Jan. 31 (Bloomberg) -- New Jersey’s ability to move toward full pension contributions will be “challenging” and may conflict with goals such as controlling property-tax growth and funding schools and infrastructure, Fitch Ratings said.
Governor Chris Christie’s budget for the fiscal year that ends June 30 funds only 14 percent of the pension payment recommended by actuaries, even after his benefit changes enacted last year, Fitch said in a report today. Pension demands will rise if the state fails to achieve its 8.25 percent assumed return on investments, the company said.

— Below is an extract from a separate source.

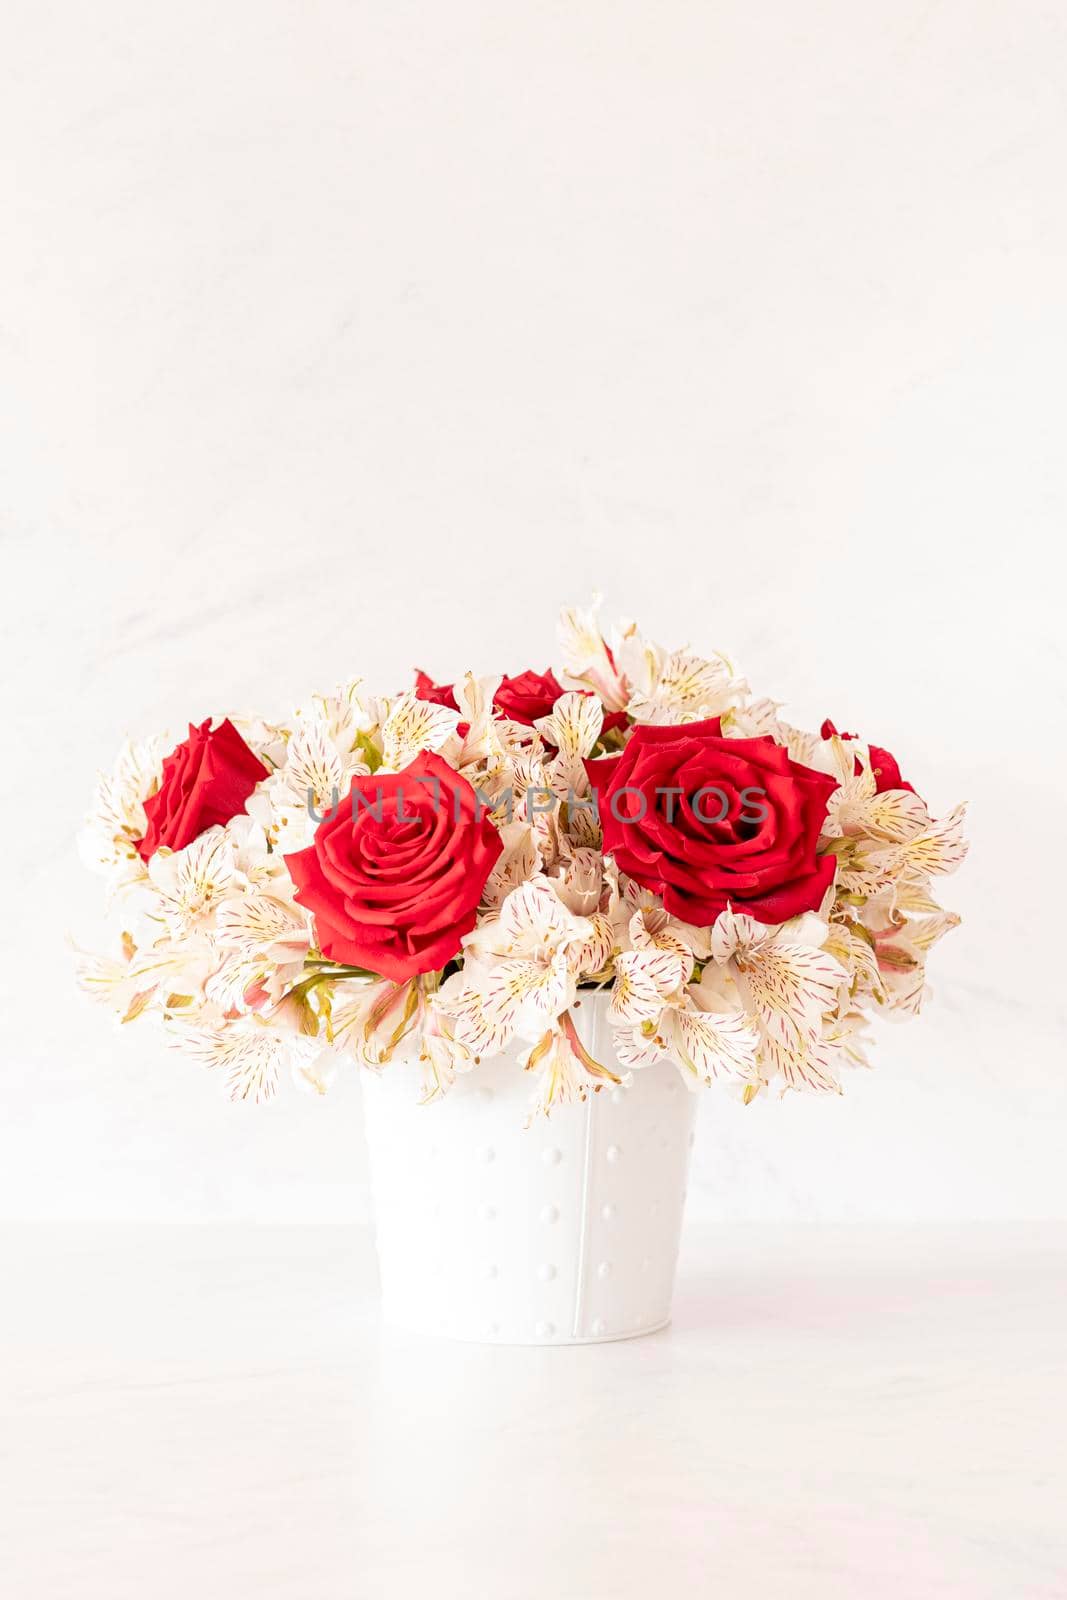 Floral arrangement composed of red roses for spring
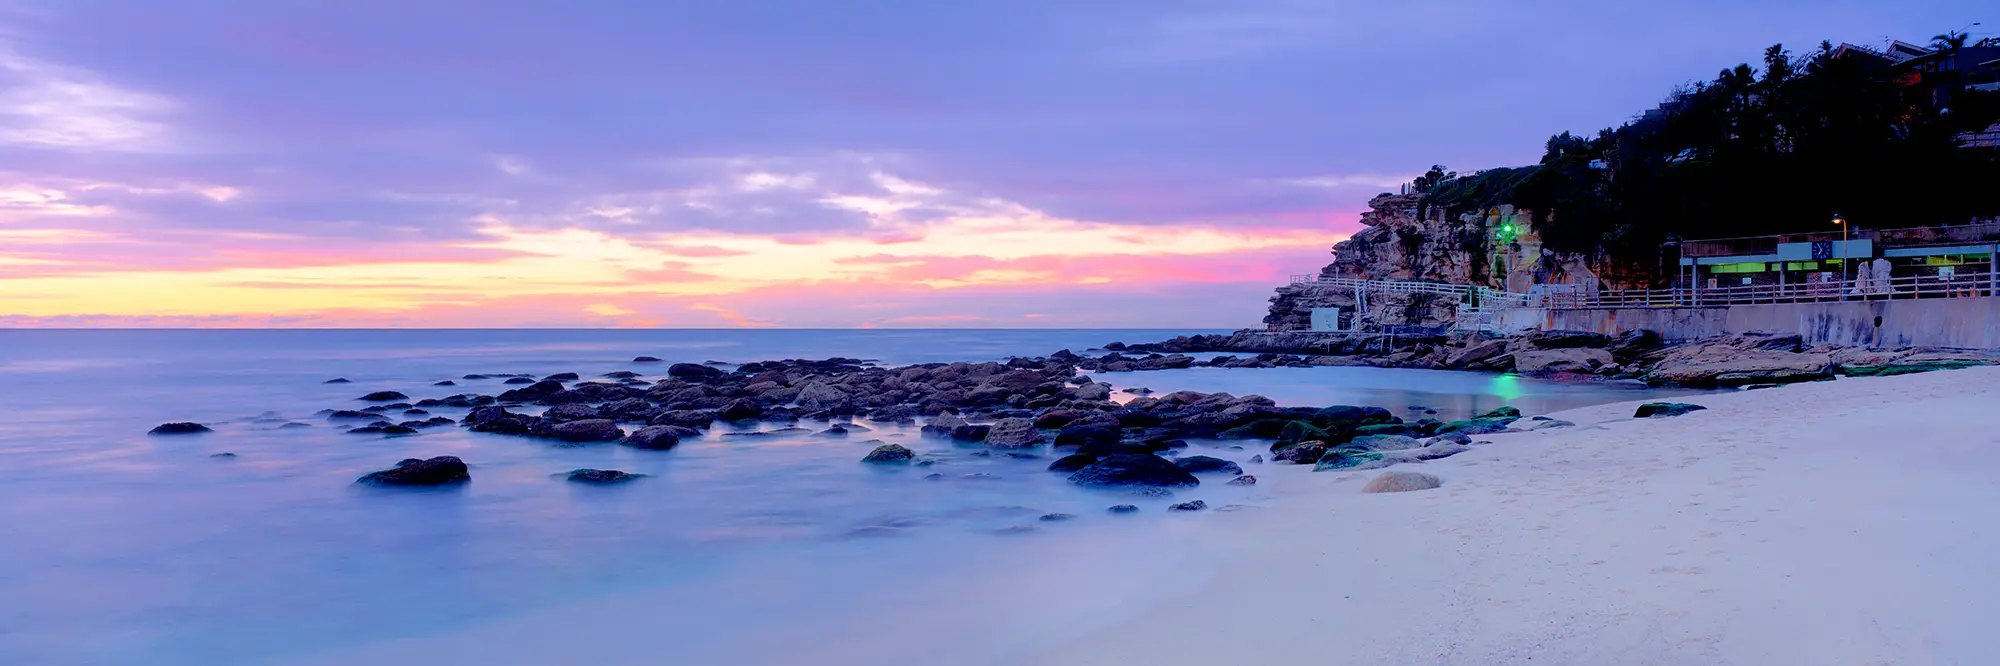 Bronte Ocean Baths Panoramic Landscape Moody SunrisePhoto

New Jersey’s pension funds, with $67.2 billion of assets, returned 1.7 percent last year as gains from debt, private-equity and real estate investments tempered losses from global stocks. The funds have an annualized 10-year return of 5.1 percent, according to reports released last week by the treasury’s investment division.
The state’s estimated pension-funding deficit fell to $36.3 billion from $53.9 billion after passage of Christie’s benefits plan. The gap then swelled $5.5 billion to $41.8 billion for the 12 months through June after Christie skipped a pension payment.
“Fitch’s report shows again why pension reform was so vital,” Andrew Pratt, a spokesman for Treasurer Andrew Sidamon-Eristoff, said in an e-mail. “The unfunded liability for fiscal 2011 would be $20 billion higher if pension reform had not passed.”
The bills Christie signed in June raised requirements for early retirement, boosted employee contributions to pensions and health care, increased the minimum retirement age for new employees to 65 from 62 and froze cost-of-living increases.
A 2010 law required the state to begin phasing in full payments over seven years after a decade of lapsed funding. Christie, 49, a first-term Republican, this year budgeted $484 million for a payment. Actuaries recommended the state put in $3 billion.
New Jersey’s unfunded pension liability will continue to grow because of the failure to make the full contributions until fiscal 2018, Fitch said. The company rates New Jersey’s general-obligation debt AA-, its fourth-highest grade.